“寂听,长大了,也变壮实了。”
“我还记得五年前,你为了找季琅跪在雨里。当时你身上穿着的红衣都被水浸成了暗色,我拉你起来,你却像一只小老虎一样朝我发火,看起来凶狠得紧。”
“我接你回去,你当天就发了高烧一直不退。这腿更是差点废了,就连治好后,每逢梅雨天气还是会隐隐作痛。”
沈寂听有些憋不住了。他不知道付石开旧事重提,究竟要说什么,铺垫什么。
“义父,那都是五年前的事了。那时我年少轻狂,少不更事,你就别笑话我了。”
“这怎么能是笑话呢,”付石开却忽然严肃起来,“你可曾后悔?”
“后悔什么?”
付石开盯着他继续问道:“若是没有钧雷山庄,你就不会白白背上一门婚事,就不会落下病根,不会整宿睡不安稳。你当真不后悔?”
“能遇上他们,遇上季琅和季淳是我这辈子最大的幸事,又怎会后悔?若是非要说后悔,我只恨自己没有保护好大家,害他们受此劫难。”沈寂听神色莫辨。
付石开听罢,却欣慰地笑了笑,拍拍他的肩膀。
“其实那顾丫头,就是季琅吧?”
沈寂听心中猛然警铃大作,表面上却装模作样:“义父,季琅早就死了。”
“你瞒不过我。”付石开回道,“当日季琅虽是已经气绝,武林中却并没有人亲眼看见她死了。换言之,你从未对谁如此上心过,只有季琅,所以她一定是季琅。”
沈寂听心中百转千回。付石开忽然揭穿自己的把戏,却又叫自己与李浪深一同历练,到底意欲何为?难不成要叫自己在路上亲手将她除掉吗?
他知道在付石开面前装傻充愣也没有用,只能硬着头皮答道:“义父猜得不错,顾鸢就是季琅。难不成义父要我像五年前那样,杀了她为武林除害?”
付石开忽然哈哈大笑起来,叫沈寂听更加警惕。
“你有时候真笨,笨得可以。”付石开笑毕,揶揄他道:“我都叫你在路上多保护她了,又怎么会叫你杀掉她?”

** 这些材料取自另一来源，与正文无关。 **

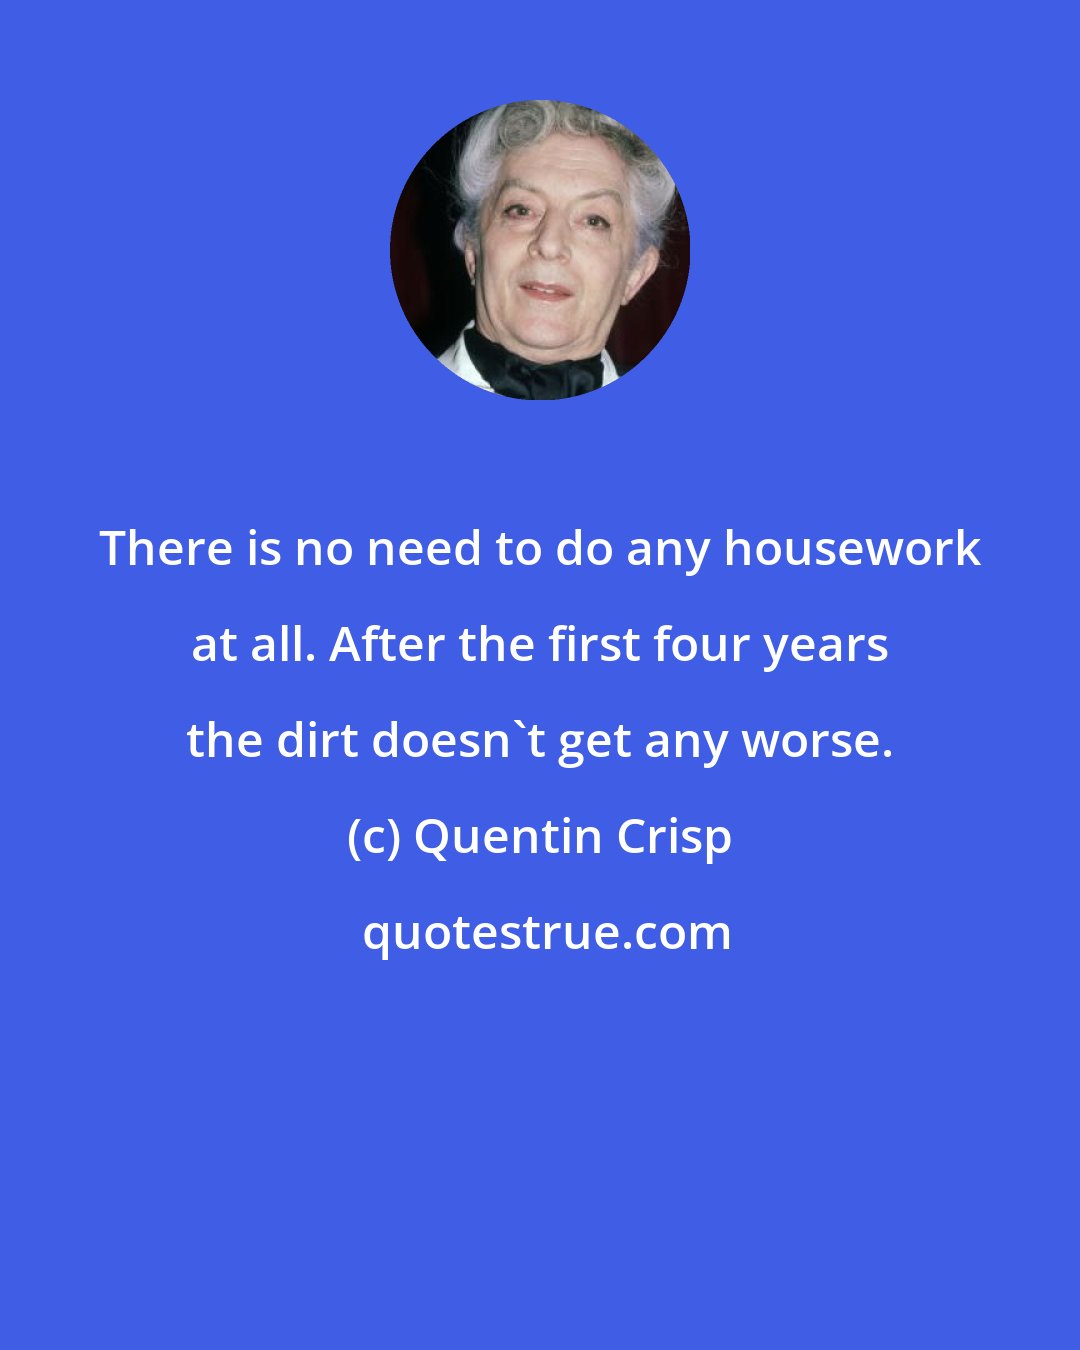 Quentin Crisp: There is no need to do any housework at all. After the first four years the dirt doesn't get any worse.

“当年钧雷山庄之事,若是我多加注意,绝不会如此。尧生是我的兄弟,他的孩子也是我的孩子。若不是我总是没有赶上,总是被事务绊住了脚,又怎么会放任季淳和季琅落得如此下场?如今知晓季琅还活着,我就一定不能叫她又重蹈了尧生的覆辙。”
“你与季琅曾有婚约在身,如今我看你似乎同五年前一样,并不想放弃她,她看起来也对你有所依赖,那我就放心了。”
沈寂听万万没有想到付石开竟一直记着当年的事,破屋灵堂事后,他还以为付石开胆小怕事,只敢偷偷祭奠,今日一看,竟有些无措。
也许是自己以小人之心度君子之腹了。
他忽然觉得有些歉疚:“原来义父并未放弃过钧雷山庄,并未忘记过他们。”
“若是你还想同她接着过日子,还想同她在一起,就死死抓住她,不要放手,不要像我一样…”付石开慈祥地笑着,轻轻呢喃着。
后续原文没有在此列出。